Crombie completed a bachelor's degree in Economics at University of Newcastle, and moved to Canberra where he now lives. While pursuing a sporting career, he works full-time as a Project Manager and company Director, and a has been a volunteer firefighter with the Molonglo Brigade of the ACT Rural Fire Service since 2013.

==Sport==
Prior to taking up athletics, Crombie was involved with basketball from a young age and came up through the Junior representative levels with the Newcastle Hunters and eventually went on to play at a state level as a 16 year old.

In 2015, Crombie was introduced to para-sport, and became a National para-rowing champion by winning the men's single scull, mixed double scull (with Kathleen Murdoch) and the mixed coxed four in the LTA category, and was provisionally selected to represent Australia in the 2015 World Rowing Championships.

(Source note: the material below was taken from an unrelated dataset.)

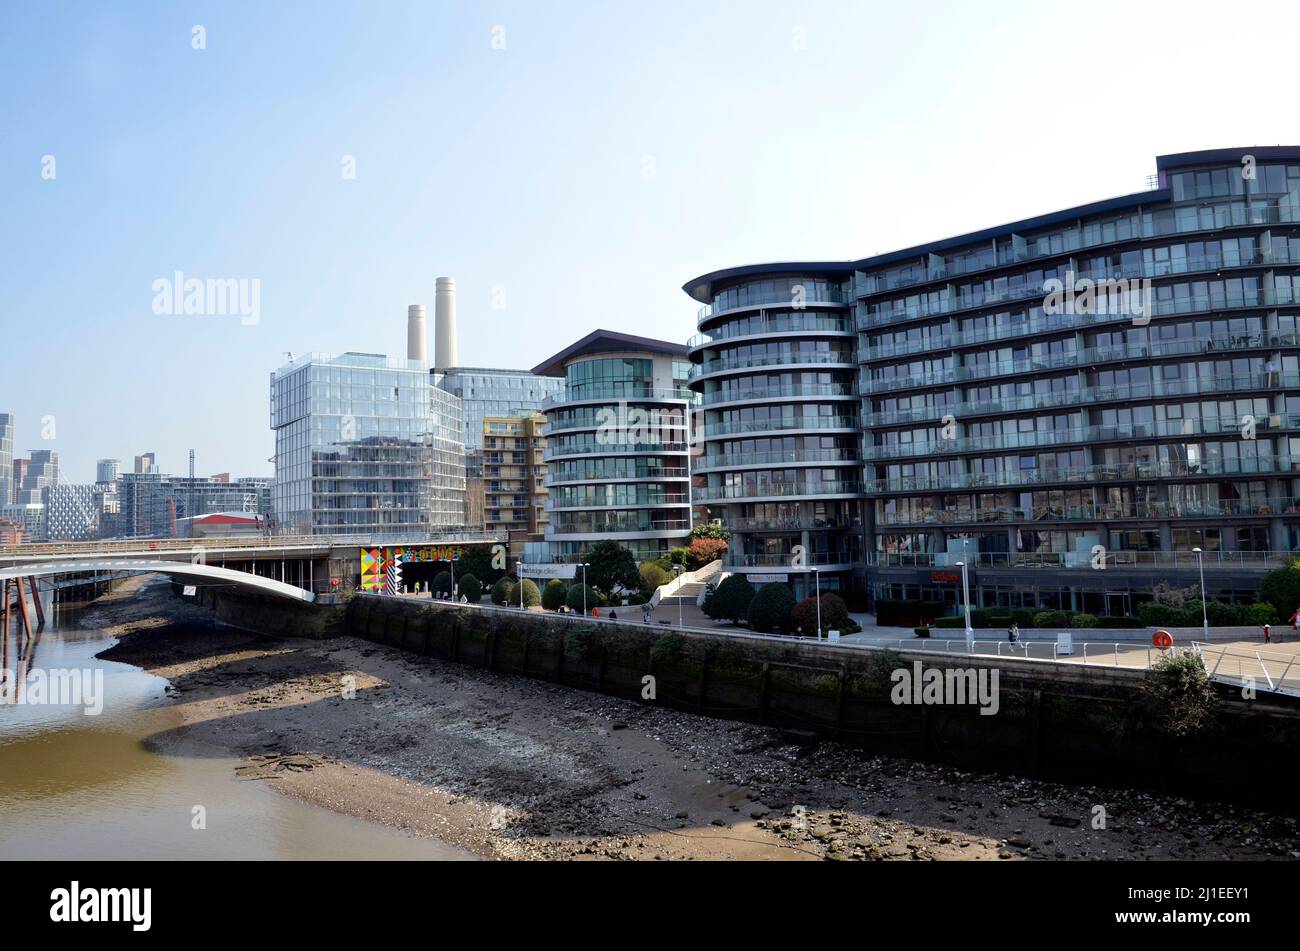 The Chelsea Bridge Wharf development in Battersea, South London Stock Photo

Unfortunately, ongoing debate around classification and eligibility within rowing meant he did not compete.

==Athletics==
In 2015 Crombie transferred to para-athletics where he was immediately internationally classified as F38 (re-confirmed in 2019). He is coached by Paralympic gold medalist Hamish MacDonald and continues to train in Canberra.

In his first major international para-athletics competition, he won the gold medal in the F38 Men's Shot Put with a world record throw of 15.95 m to smash the previous record mark by 37 cm. He also competed in the F38 Men's Javelin Throw, where he finished in 5th place with a throw that increased his personal best by over 3.5m.

Crombie represented his country for a second time, competing at the 2018 Commonwealth Games on the Gold Coast, Australia. Here he competed in the F38 Men's Shot put alongside fellow Australians Martin Jackson and Jayden Sawyer. Crombie finished with a best throw of 15.74m, ahead of Jackson, who took the silver medal with 13.74m.

In May 2019, Crombie, Sawyer and fellow athletes James Turner and Deon Kenzie were selected to represent Australia at the upcoming 2019 World Para Athletics Championships to be held in Dubai, United Arab Emirates, with the remainder of the team to be named in September, 2019.

At the 2019 World Para Athletics Championships in Dubai, he repeated his success at the 2017 Championships by winning the gold medal in the Men's Shot Put F38 with a throw of 15.73m.

== Achievements ==

| Year | Competition | Venue | Event | Position | Notes |
Representing Australia
| 2017 | World Para Athletics Championships | London, England | Shot put | 1st | 15.95m (WR) |
| Javelin | 5th | 47.84m |
| 2018 | Commonwealth Games | Gold Coast, Australia | Shot put | 1st | 15.74m |
| 2019 | World Para Athletics Championships | Dubai, UAE | Shot put | 1st | 15.73m |
| Javelin | 7th | 45.87m |
| 2023 | World Para Athletics Championships | Paris, France | Shot put | 4th | 15.89m |
| Long Jump | 9th | 5.28m |
| 2025 | World Para Athletics Championships | New Delhi, India | Shot put | 4th | 15.91m |

==Recognition==
- 2017 Canberra Sport Awards - The People's Sporting Champion.